Physics
Scientific paper
May 2001
adsabs.harvard.edu/cgi-bin/nph-data_query?bibcode=2001agusm...p41b04h&link_type=abstract
American Geophysical Union, Spring Meeting 2001, abstract #P41B-04
Physics
1886 Weathering (1625), 3210 Modeling, 5415 Erosion And Weathering, 6250 Moon (1221)
Scientific paper
A numerical model has been developed to simulate the degradational evolution of lunar impact craters. Meteoritic bombardment is generally considered to be the primary source of erosion on the lunar surface. This repetitive bombardment by small particles and secondary fragments produces individual effects that are small compared to topographic scale and this steady erosional process modifies crater shape as a function of time.

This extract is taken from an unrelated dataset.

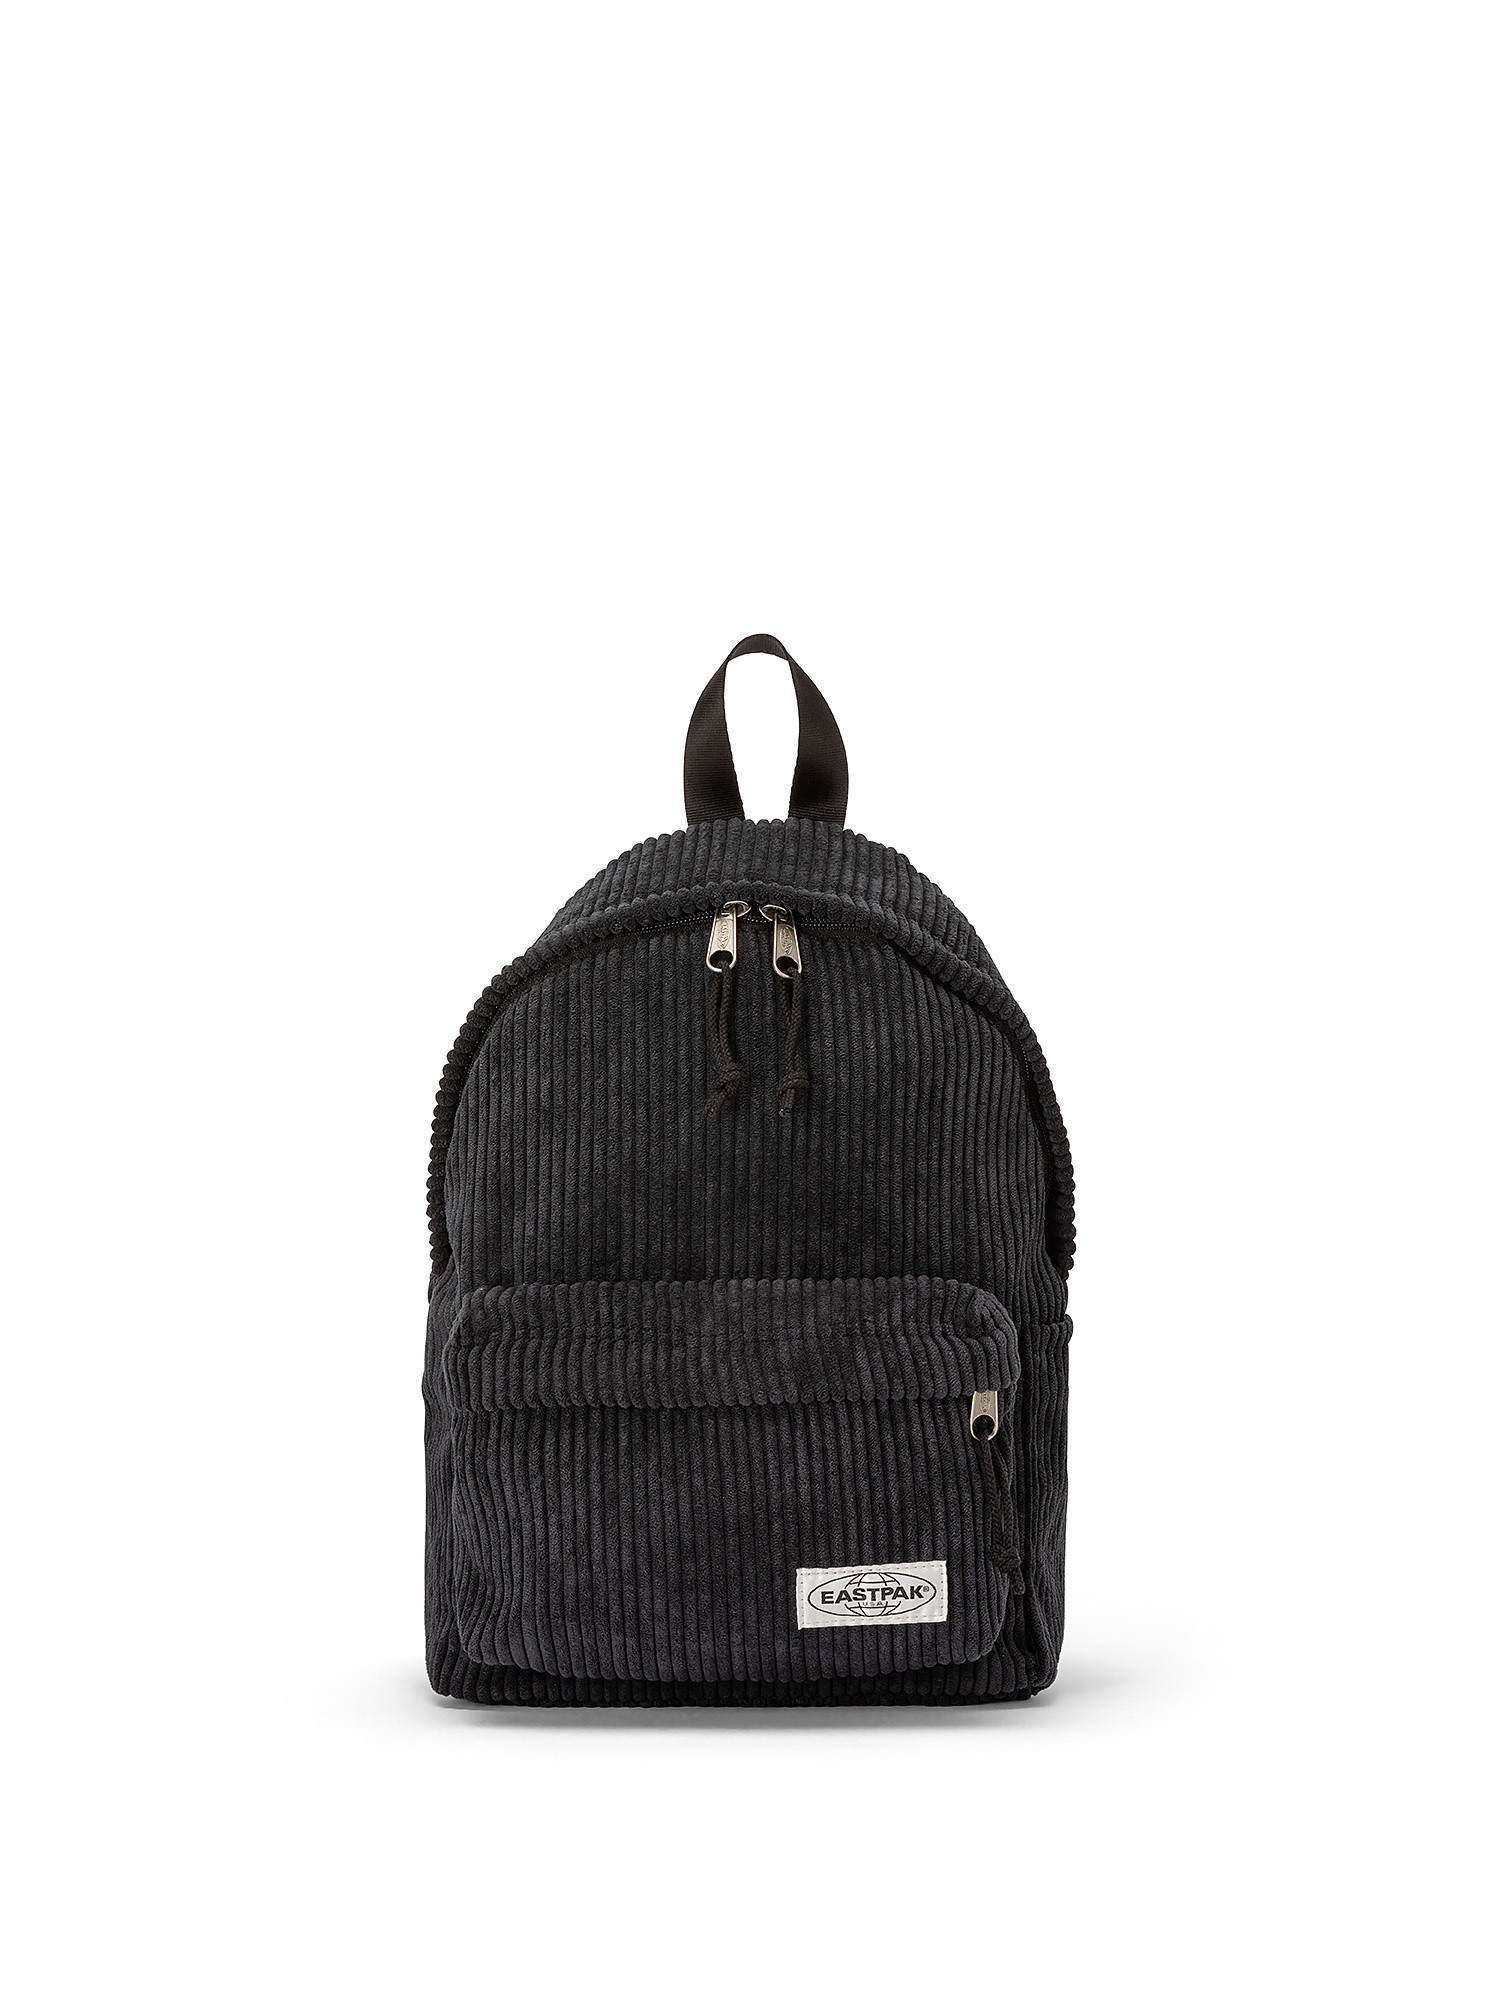 Mini backpack with tablet pocket, Black, large image number 0

The net result of this impact erosion is a smoothing of the lunar surface in a linearly-diffusive manner of degradation. The erosion model consists of a linear diffusion-equation algorithm expressed in finite-difference form that operates upon a grid of elevation values (digital elevation model or DEM) depicting the three-dimensional topography of a small lunar impact crater. Morphometry for this model crater was derived from Pike (USGS Prof. Pap. 1046-C, 1980). Class 1 (fresh, n=131) and class 2 (more degraded, n=17) craters within the rim-crest diameter range of 1 to 15 km were the focus of this study. For class 1 craters, mean diameter was 8.01 km, mean d/D (depth/diameter ratio) was 0.202, and mean of the average slope of the interior wall was 23.9 degrees. These morphometric and geometric parameters, combined with digitization and rasterization, were utilized to construct the digital elevation model of a typical, fresh lunar impact crater. Simulation results demonstrate the progressive erosional modifications of the classic bowl-shaped craterform: rounding of the crater rim, decrease of crater rim height, gradual crater infilling, decrease in crater depth, and decline of the slope angle of the interior crater wall. Topographic profiles extracted at key time steps display this degradational evolution. The older, more degraded class 2 craters can be correlated with numerical model results. Class 2 craters have a mean d/D of 0.172 and a mean of the average slope of the interior wall of 20.3 degrees. This calibration provides a rough estimate of the rate of transport or erosion.